Daniel William Alexander
Daniel William Alexander was a Roman Catholic of African ancestry who became associated, during the nineteenth century, with the movement to establish a African Orthodox Church which led to the enlightenment of the Sub-Saharan Africans to Orthodox Christianity.
Daniel William Alexander was born on December 23, 1883 in Port Elizabeth of what is now the Republic of South Africa. The ancestry of his parents is uncertain. His father was a French subject apparently from Martinique in the French West Indies and his mother an African of Cuban and Javanese extraction. He was raised a Roman Catholic. His first wife was Maria Horsley.
During the Second Anglo-Boer War, while living in Johannesburg, he was drafted by the British to serve as a cook and went to Natal, now part of the eastern part of the Republic of South Africa. Arrested as a British spy, he was imprisoned in Pretoria before being released after the British took the city. During this period his wife died. Through assisting an Anglican priest, Father Godfrey, with a funeral, he became an Anglican and began to study for ordination. While a catechist at St. Cuthbert's Anglican Church in Pretoria, he met and married his second wife, Elizabeth, on August 29, 1902. In 1914, Alexander left Pretoria and the Anglican Church and joined the Ethiopian Catholic Church in Zion that liturgically was based on Anglican services.
About 1920, Alexander joined the African Church of J. Khanyane Napo, who had also been a member of the Ethiopian Catholic Church in Zion. While stationed in Kimberley, he became tired of being summoned to Johannesburg for meetings that consisted of quarrels among the Napo church leaders.
So, in 1924, he left Napo's church to form the African Orthodox Church. After having read a sermon by George McGuire in the August 9, 1924 issue of "Negro World", Alexander requested affiliation with McGuire's African Orthodox Church in the U.S.A. With his acceptance, Alexander was consecrated a bishop in Boston, Massachusetts by McGuire on September 11, 1927.

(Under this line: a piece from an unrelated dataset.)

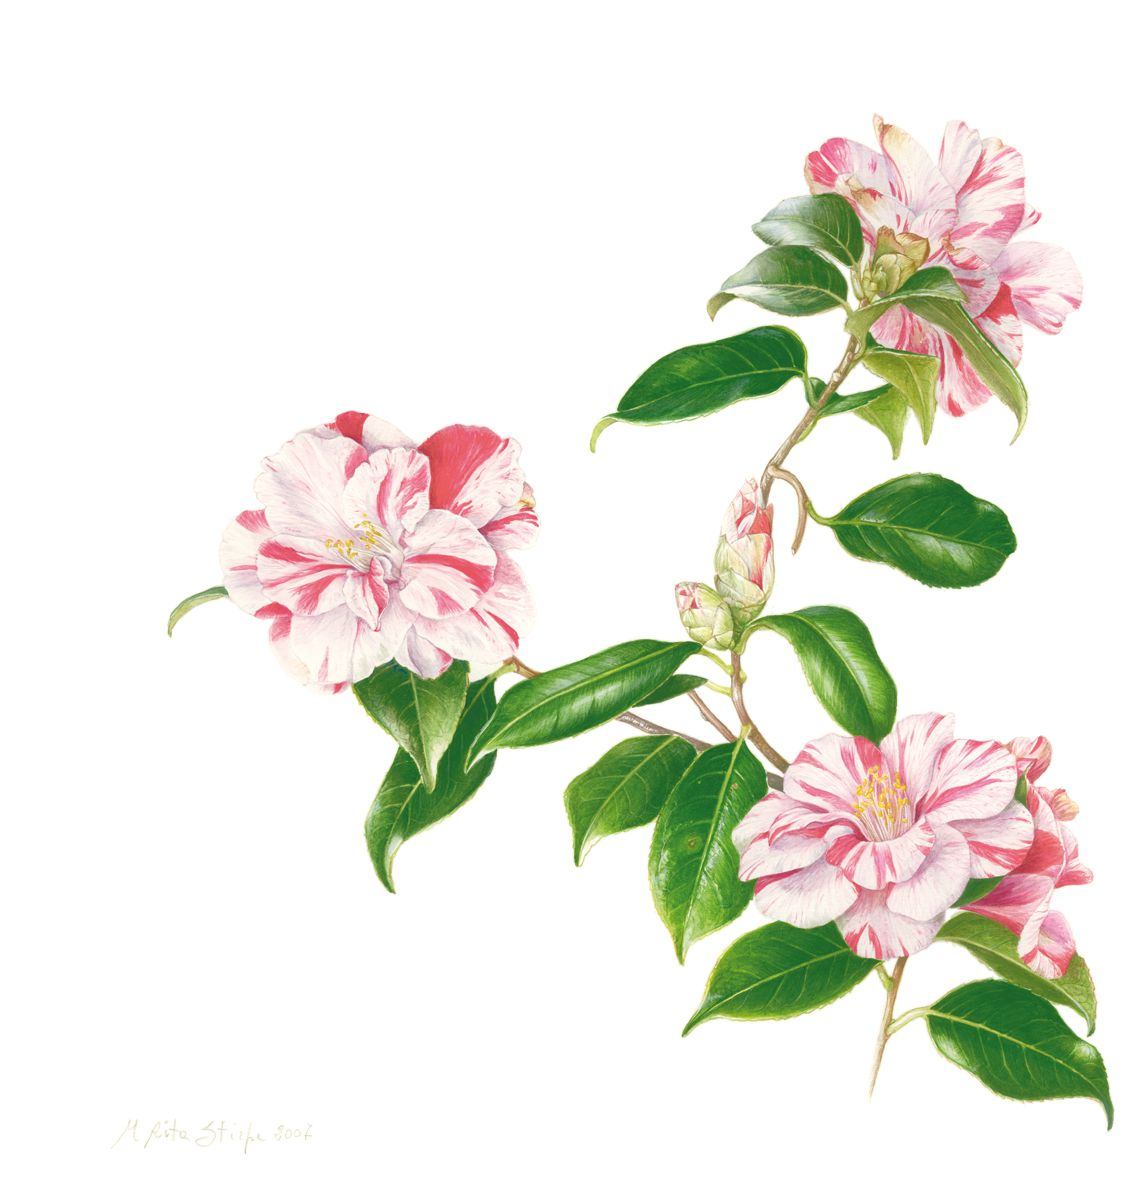 Pittura Botanica - Maria Rita Stirpe

After returning to Kimberly in South Africa, Alexander traveled throughout South Africa and established parishes wherever he found interest. His missionary activities also took him into countries outside of the Republic of South Africa, to Kenya, Uganda, and Rhodesia. Soon, Reuben Spartas in Uganda contacted Alexander in his search for Orthodoxy. This led to Alexander traveling to Uganda in October 1931 and his ordaining Reuben Spartas and Obadiah Basajjikitalo as priests in 1932.
When, in May 1935, Alexander wrote to Archbishop Isidore of the Greek Orthodox Archdiocese of Johannesburg asking for letters of introduction to Fr. Nikodemos Sarikas of Tanganyika and the Patriarch of Jerusalem, Abp. Isidore replied that he should instead visit the Patriarch of Alexandria. Alexander arrived in Kenya on November 18, 1935, and founded a seminary at Gituamba with eight students. In June 1937, he ordained two of his students as priests and two as deacons and returned to South Africa. In 1941, the African Orthodox Church in South Africa received government recognition.

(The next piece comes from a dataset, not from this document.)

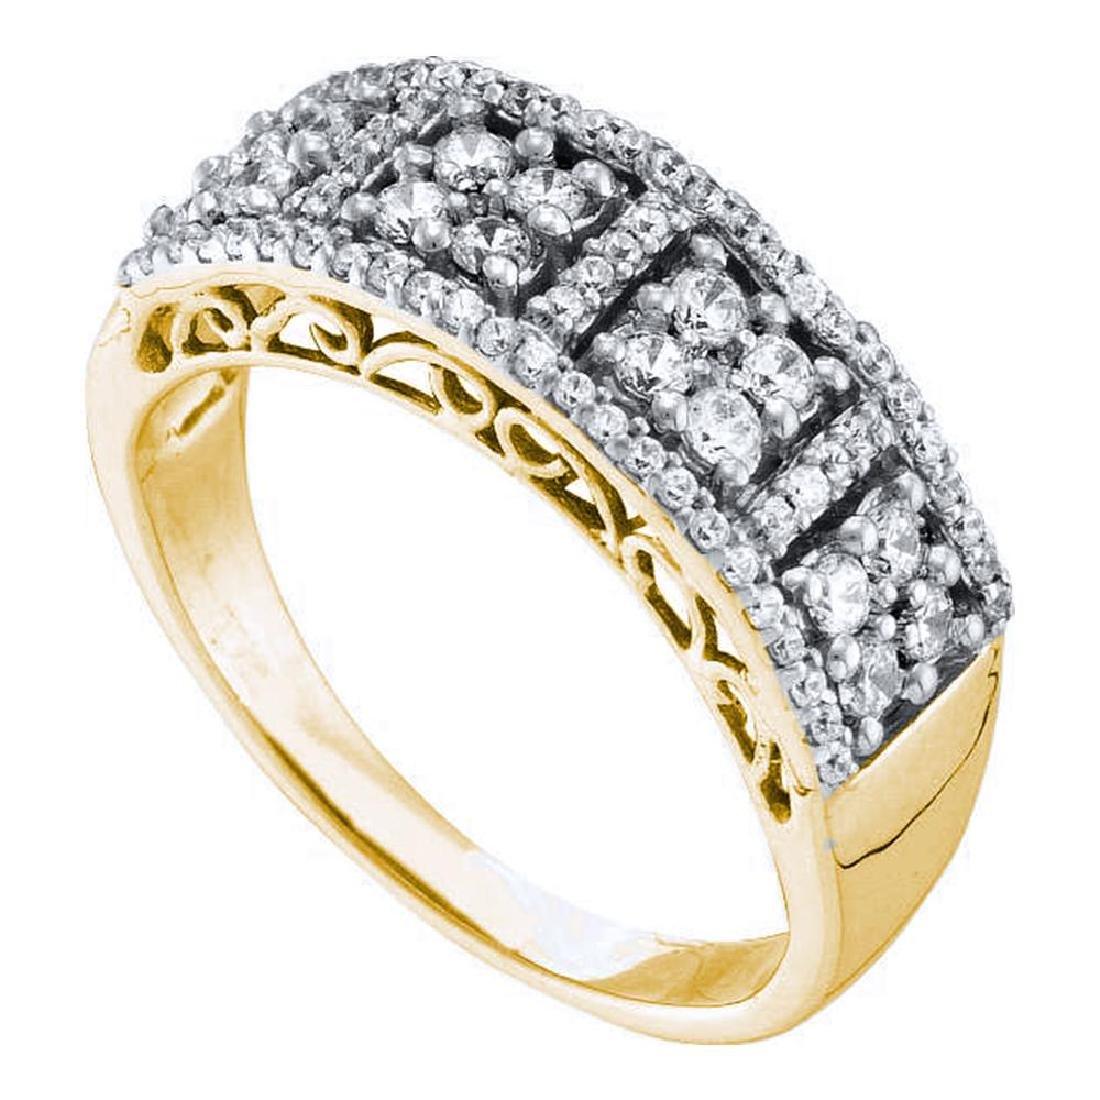 0.51 CTW Diamond Symmetrical Square Cluster Ring 14KT

After the death of McGuire in late 1934, the relationship between the South African and the American churches continued to be amicable under a new patriarch in America.
In 1960, two bishops from the American branch of the AOC, including AOC Patriarch James I, were invited to South Africa by Alexander, now 78 years old, to consecrate two new bishops to provide for an established succession. Shortly after the consecration, James I requested Alexander's resignation, which he refused to do. While in dispute, James and his bishop Motsepe died. Although Alexander apparently reconciled with the new AOC patriarch, Peter IV, Alexander was deposed in 1963.
Alexander with his supporters then formalized the autonomy that he believed McGuire had intended for the African church by naming his organization the African Orthodox Church of the Republic of South Africa and becoming its patriarch. Alexander continued to lead the African Orthodox Church of the Republic of South Africa. However, he shared leadership of the church with his godson Daniel Kanyiles during the last few years before his death.
In later years, Alexander changed the name of his branch of the AOC to the African Independent Orthodox Church.
In May 1970, Alexander died at the age of 88. After his death, the AOC broke up into several factions mainly as a result of American interference.
- Morris Johnson. Archbishop Daniel William Alexander and the African Orthodox Church. International Scholars Publications, 1998. 228 pp. ISBN 9781573093415
- Richard Newman. Archbishop Daniel William Alexander and the African Orthodox Church. The International Journal of African Historical Studies, Vol. 16, No. 4 (1983), pp. 615-630.
- Theodore Natsoulas. Patriarch McGuire and the Spread of the African Orthodox Church to Africa. Journal of Religion in Africa, Vol. 12, Fasc. 2 (1981), pp. 81-104.